ZIMBABWEAN government officials routinely talk up the country’s “special relationship with all-weather friend” China.
Beijing has, indeed, provided some refuge to Zimbabwe, which was frozen out by its traditional western donors and shut out from the international capital markets for two decades now.
Zimbabwe’s infrastructure needs exceed $14 billion, according to the African Development Bank (AfDB), an opportunity for Chinese infrastructure funds flowing into the continent. Almost every significant infrastructure project Zimbabwe has undertaken since 2000 has been Chinese funded.
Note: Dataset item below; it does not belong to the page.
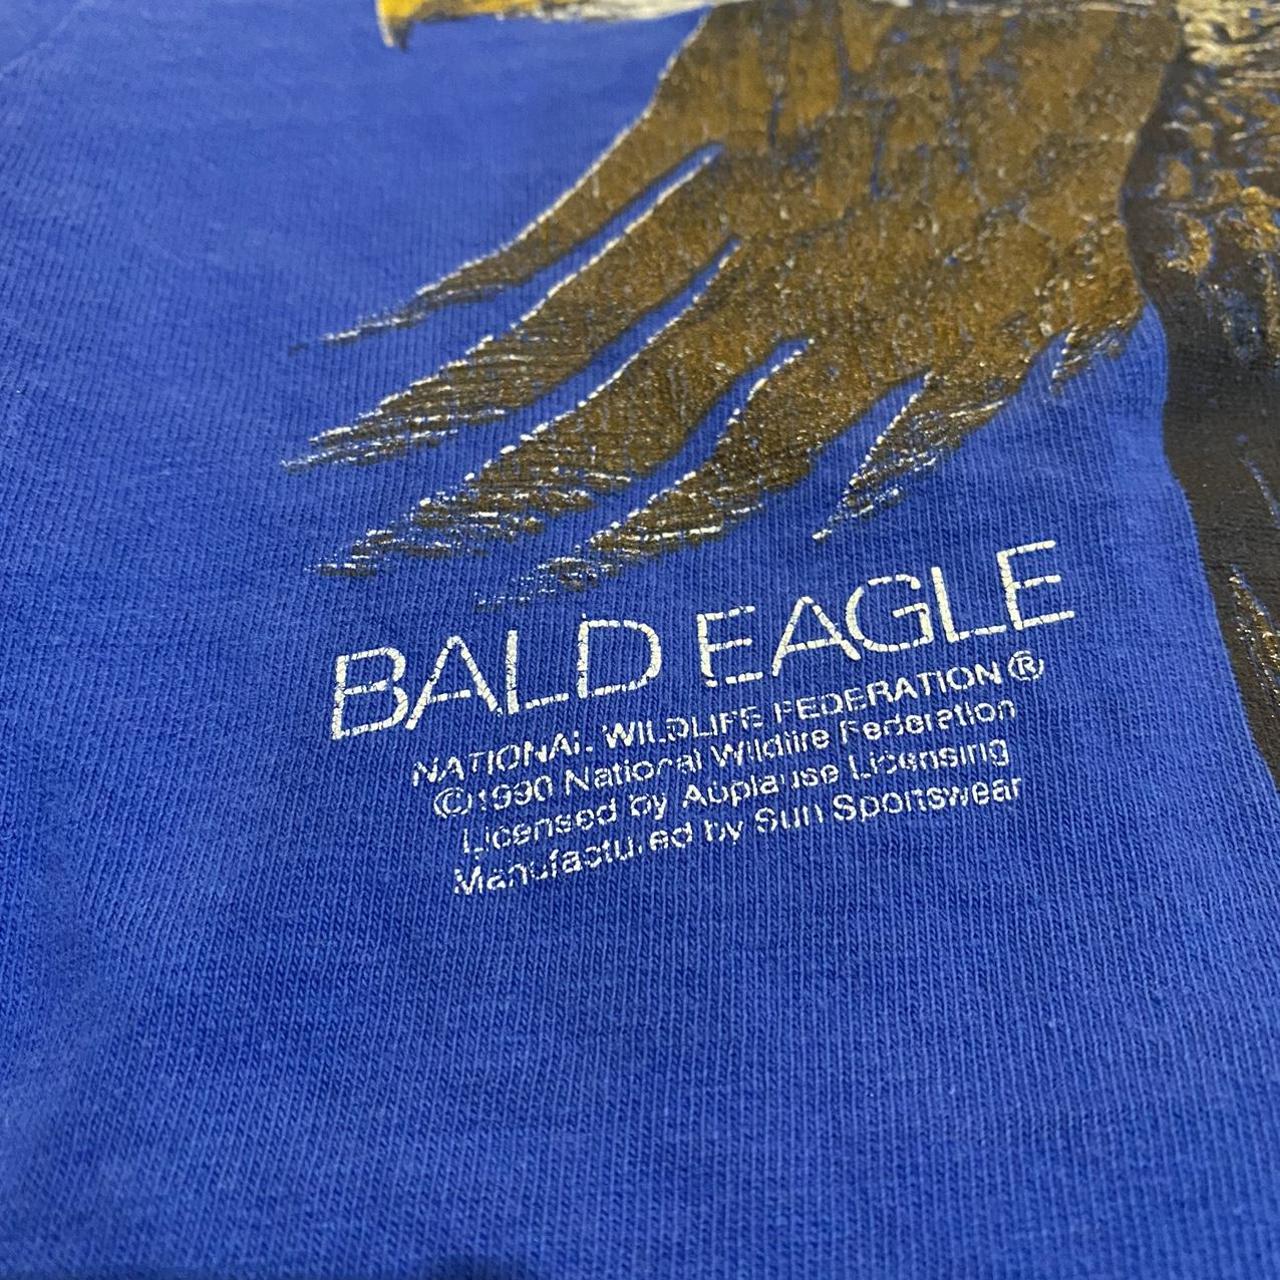 Bald Eagle  National Wildlife Federation

But, ahead of President Emmerson Mnangagwa’s maiden presidential visit to China in April this year, Finance Minister Patrick Chinamasa revealed that Beijing had started to turn off the taps for Zimbabwe, over the country’s failure to service its loans.
Officials said one key outcome of the April Xi-Mnangagwa meeting was a commitment by China to resume financial support, while Zimbabwe pledged to abandon its delinquent ways.
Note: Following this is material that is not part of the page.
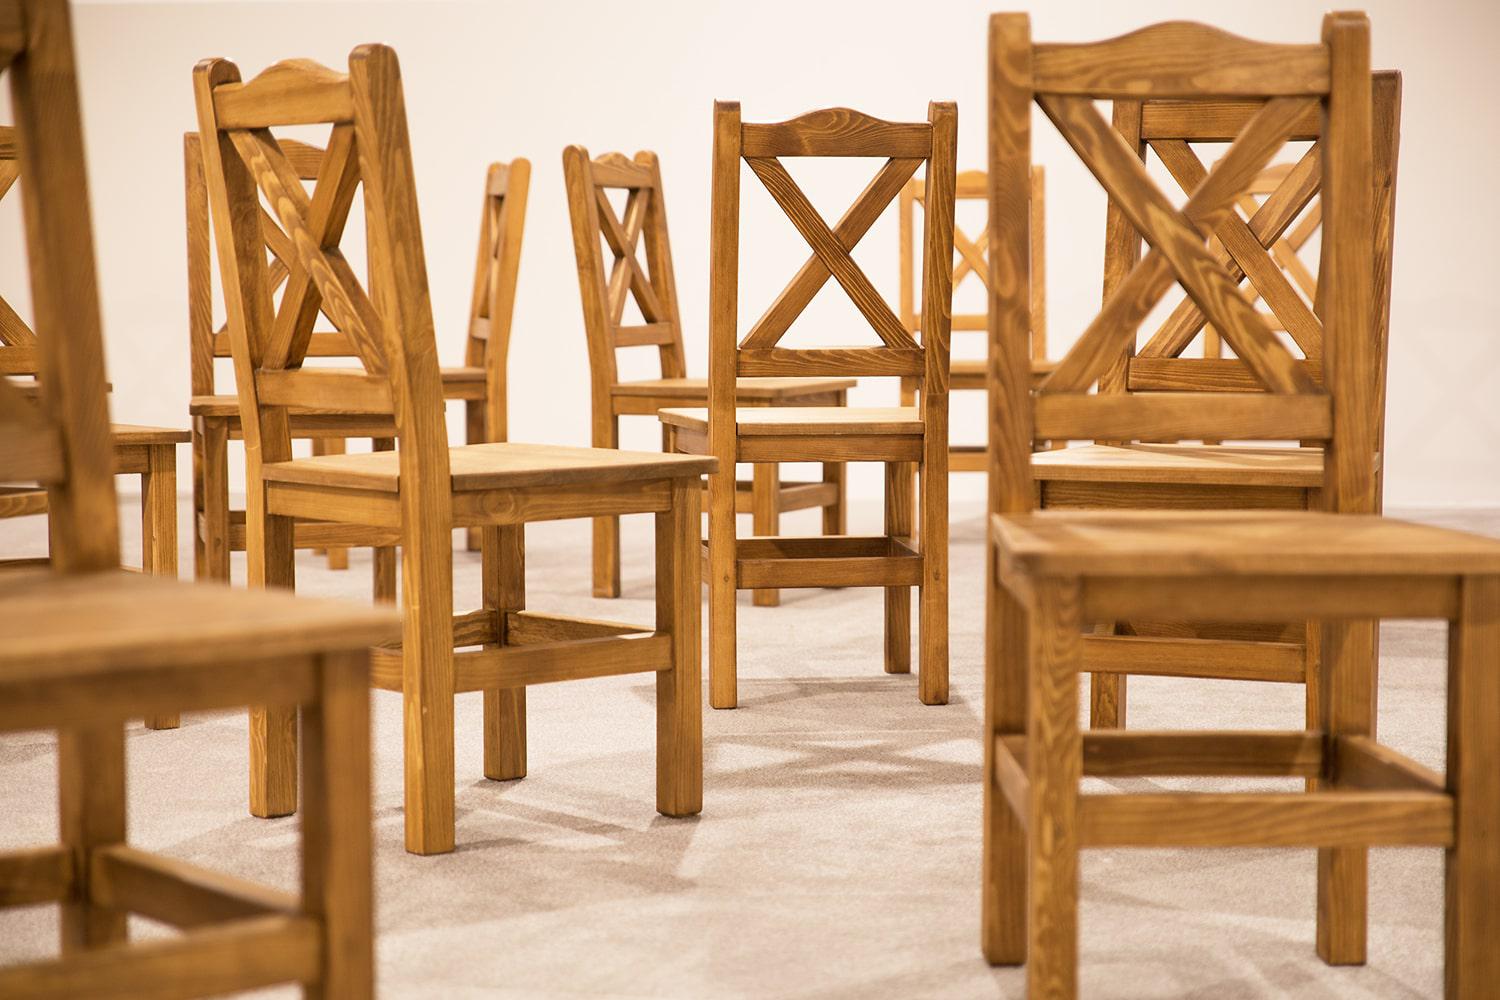 drewniane krzesla do rtestauracji

This week, Xi opened the China-Africa summit with a $60 billion funding pledge for the continent, to add to a similar amount Beijing made available in 2015.
Three years ago, in Johannesburg, Xi announced a $60 billion package of loans, grants and equity funds, to be committed to ten broad areas: industrialisation, agricultural modernisation, infrastructure, financing, green development, trade and investment, poverty reduction, public health, culture and people to people co-operation, as well as peace and security.
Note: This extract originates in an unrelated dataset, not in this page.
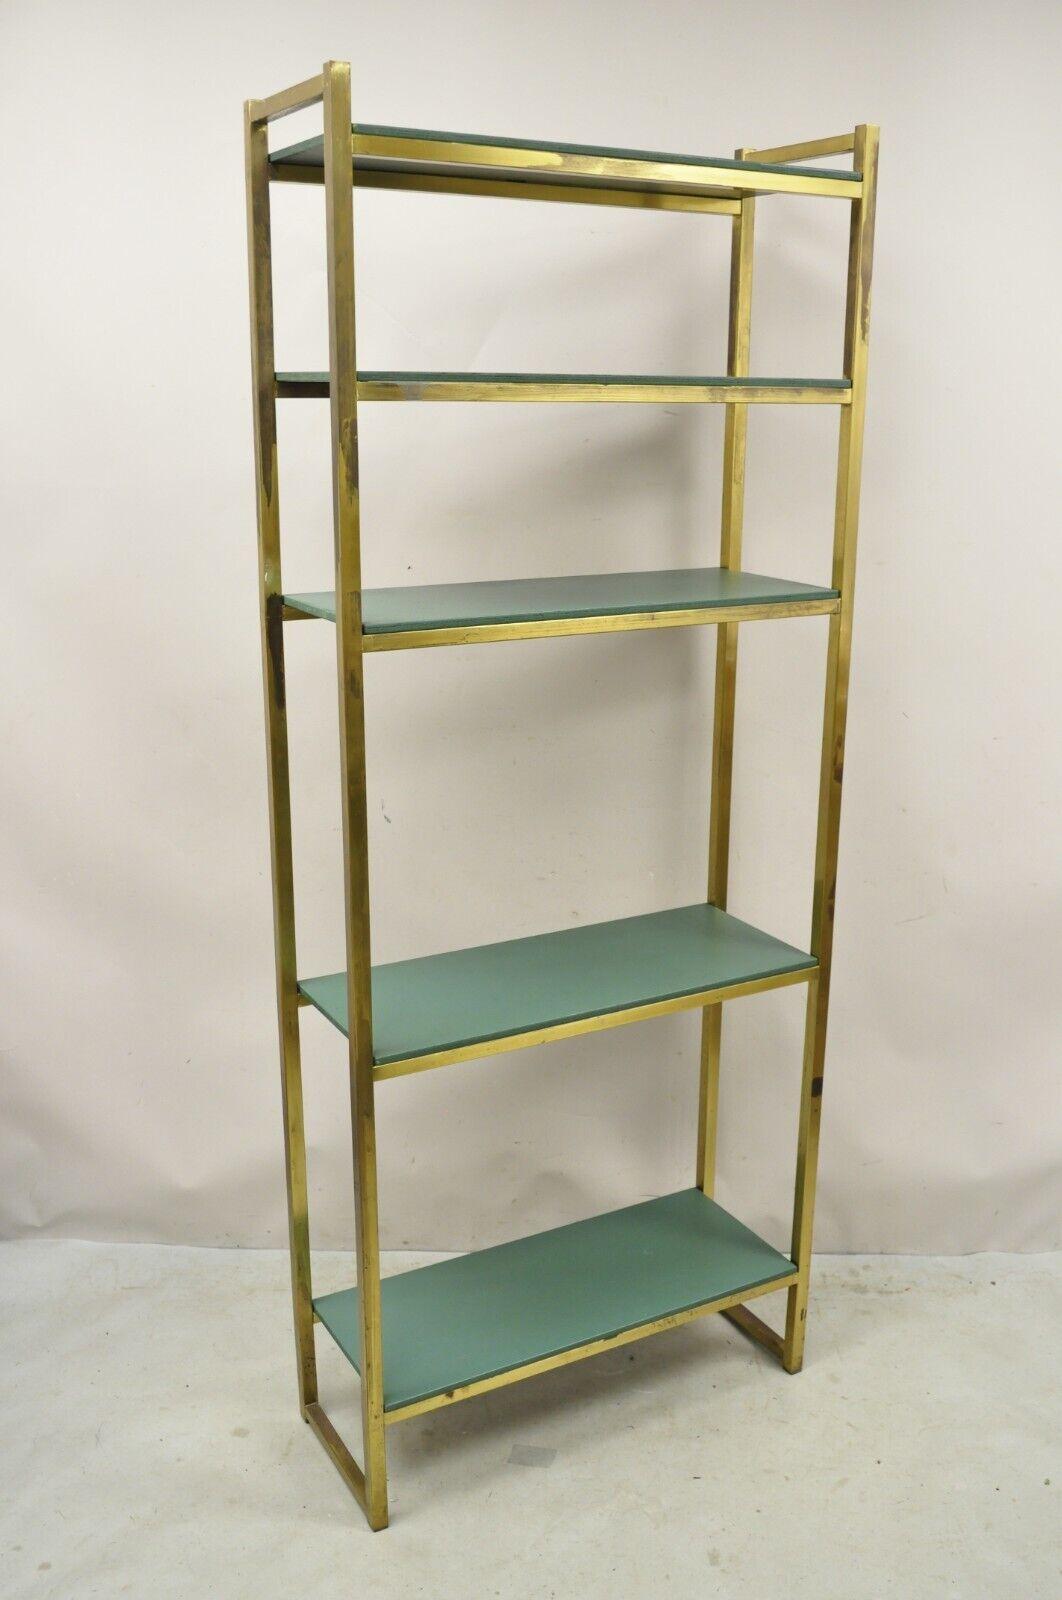 Vintage Hollywood Regency Brass Metal 5 Tier Etagere Bookcase Shelf. L'article se caractérise par un cadre en métal, une finition en laiton bruni en détresse, des étagères en bois vert, un grand style et une grande forme. Circa Late 20th Century.

This time around, the envelope is made up of $15 billion in grants, interest-free loans and other concessionary funding, $20 billion worth of credit lines, a $10 billion special fund for development finance, $5 billion to facilitate imports from Africa and $10 billion for investment into Africa.
“Not your friend, buddy”
There’s no doubt that Zimbabwe enjoys warm ties with China, but the available data shows Beijing has not allowed sentimentality to trump economics.
Chinese loans to Africa have risen phenomenally since 2000, when the Asian giant extended $130 million loans to the continent. By 2017, this figure reached $140 billion.
Zimbabwe, however, only ranks 17th on the overall list of recipients of Chinese loans on the continent and sixth within the Southern African Development Community (SADC) bloc.
A look at Chinese investment in other African countries paints a sobering picture.
Here are some details of Chinese-funded projects in the regional states:
Angola’s $1,83 billion Benguela rail project
Funded partly through an interest-free loan from China, the 1,344 kilometre line was built by the China Railway Construction Corporation (CRCC).
The project was part of the initial $2 billion credit line extended to Angola by China in 2004, after the oil-rich African country abandoned talks with the International Monetary Fund (IMF) over the Bretton Woods institution’s insistence on reforms. Since then, Angola has received a total of $43 billion in loans from Beijing, the most for any African country over the period.
Addis Ababa Light Rail Transit
Ethiopia’s $475 million light rail project, 85% of which was funded through a concessional loan from China’s Exim Bank, was built by the China Railway Group Limited. The two-line, 34.4-kilometer system was completed in 2015. In the first full year of operations, the light rail transit system carried on between 105,000-110,000 passengers daily, at a cost of between US8 cents and US20 cents per ticket, depending on distance.
Mombasa-Nairobi standard gauge railway project
The $3.2 billion project is Kenya’s biggest infrastructure initiative since the country’s independence in 1963 and has cut travel time between the capital and the second largest city by half.
The 472km line has, however, sparked controversy due to comparisons with Ethiopia’s 756km Addis Ababa-Djibouti railway, which is also Chinese funded and cost just $200 million more despite being nearly 300km longer and also electrified, unlike the Kenyan one.
Maputo Ring Road
The $315 million project, funded by the China Exim Bank, is being undertaken by the China Road and Bridges Corporation.
Although some sections of the road have been opened up for use, the project is not yet fully complete and is running behind schedule due to the Mozambican authorities’ failure to raise funds to relocate about 500 residents from sites along the road.
Zambia’s $800 million airport projects
China is funding the $360 million upgrade of the Kenneth Kaunda International Airport in the capital Lusaka, as well as the construction of a new international airport in Ndola, at a cost of $700 million.